ITAT: Section 54 Deduction Cannot Be Rejected For Not Depositing Long-Term Capital Gain In Account Scheme
States that the exercise of power under Section 263 to revise the assessment order was invalid
ITAT: Section 54 Deduction Cannot Be Rejected For Not Depositing Long-Term Capital Gain In Account Scheme
States that the exercise of power under Section 263 to revise the assessment order was invalid
The Delhi Bench of the Income Tax Appellate Tribunal (ITAT) has held that deduction under Section 54 of the Income Tax Act, 1961 cannot be disallowed merely for not depositing long-term capital gain (LTCG) that was not deposited in the capital gain account scheme.
The bench of Saktijit Dey (Vice President) and M. Balaganesh (Accountant Member) adopted a hyper-technical approach while dealing with the issue. The judges stated that when the basic conditions of Section 54(1) were satisfied, the assessee was entitled to claim the deduction under Section 54 of the IT Act.
The appellant-assessee is a resident individual. The Assessing Officer (AO) received information that the assessee sold an immovable property for Rs.62,06,000 and re-opened the assessment under Section 147.
On receiving a notice issued under Section 148, the assessee filed her Income Tax Return (ITR) declaring income of Rs.6,42,470, as already declared in the original ITR.
However, the AO directed the assessee to furnish the details of the properties sold and the resultant capital gain. The latter submitted the details of the property sold and the capital gain arising out of it.

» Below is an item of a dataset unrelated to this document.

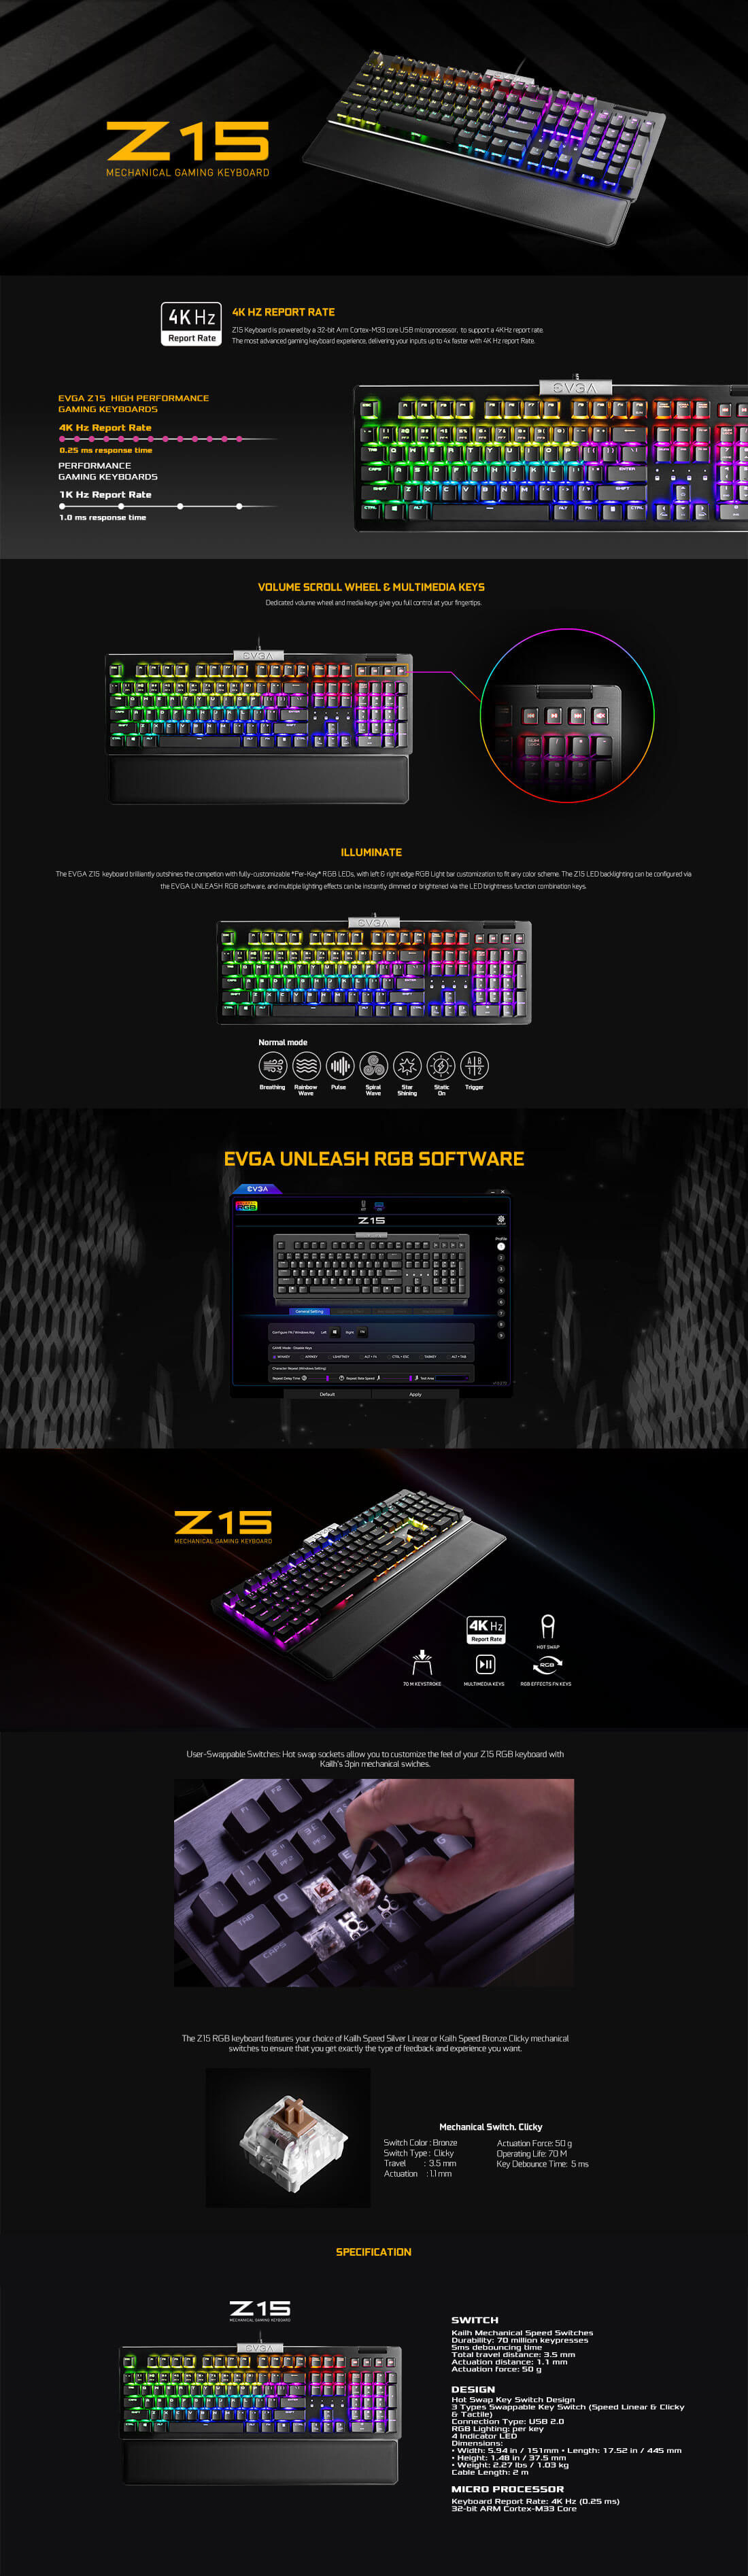 EVGA - Products - EVGA Z15 RGB Mechanical Gaming Keyboard (Clicky

The AO then discovered that the property was under the joint ownership of the assessee and another co-owner and was purchased for an amount of Rs.20 lakh. Out of that, the share of the assessee was Rs.10 lakh, whereas the property was sold for Rs.62,06,000. Thus, the assesses’ share was Rs.31,03,000.
On reducing the cost of acquisition and indexation benefit, the LTCG arising out of the sale of property was Rs.14,59,324. The assessee invested in the purchase of a new residential property for the entire capital gain amount and, therefore, claimed exemption under Section 54. The AO accepted the ITR, and the assessment was done.
However, the Principal Commissioner of Income Tax (Appeals) later found that the capital gain amount was not deposited in the capital gain account scheme during the interim period until its utilization in the purchase or construction of the new property. The PCIT stated that due to the non-consideration of these facts, the assessment order was erroneous and prejudicial to the interest of the revenue department.
The PCIT thus issued a show-cause notice to the assessee stating why the assessment order should not be declared erroneous.
Thereafter, the assessee furnished a detailed reply objecting to the proposed action under Section 263.
However, the PCIT rejected it and set aside the assessment order. It directed the disallowance of the deduction claimed under Section 54, as the assessee failed to deposit the capital gain amount in the capital gain account scheme.
The ITAT held that only because the capital gain was not deposited in the scheme, the revisionary authority treated the assessment order as erroneous. It stated that the exercise of power under Section 263 to revise the assessment order was invalid.
Thus, the tribunal quashed the order and restored the assessment order.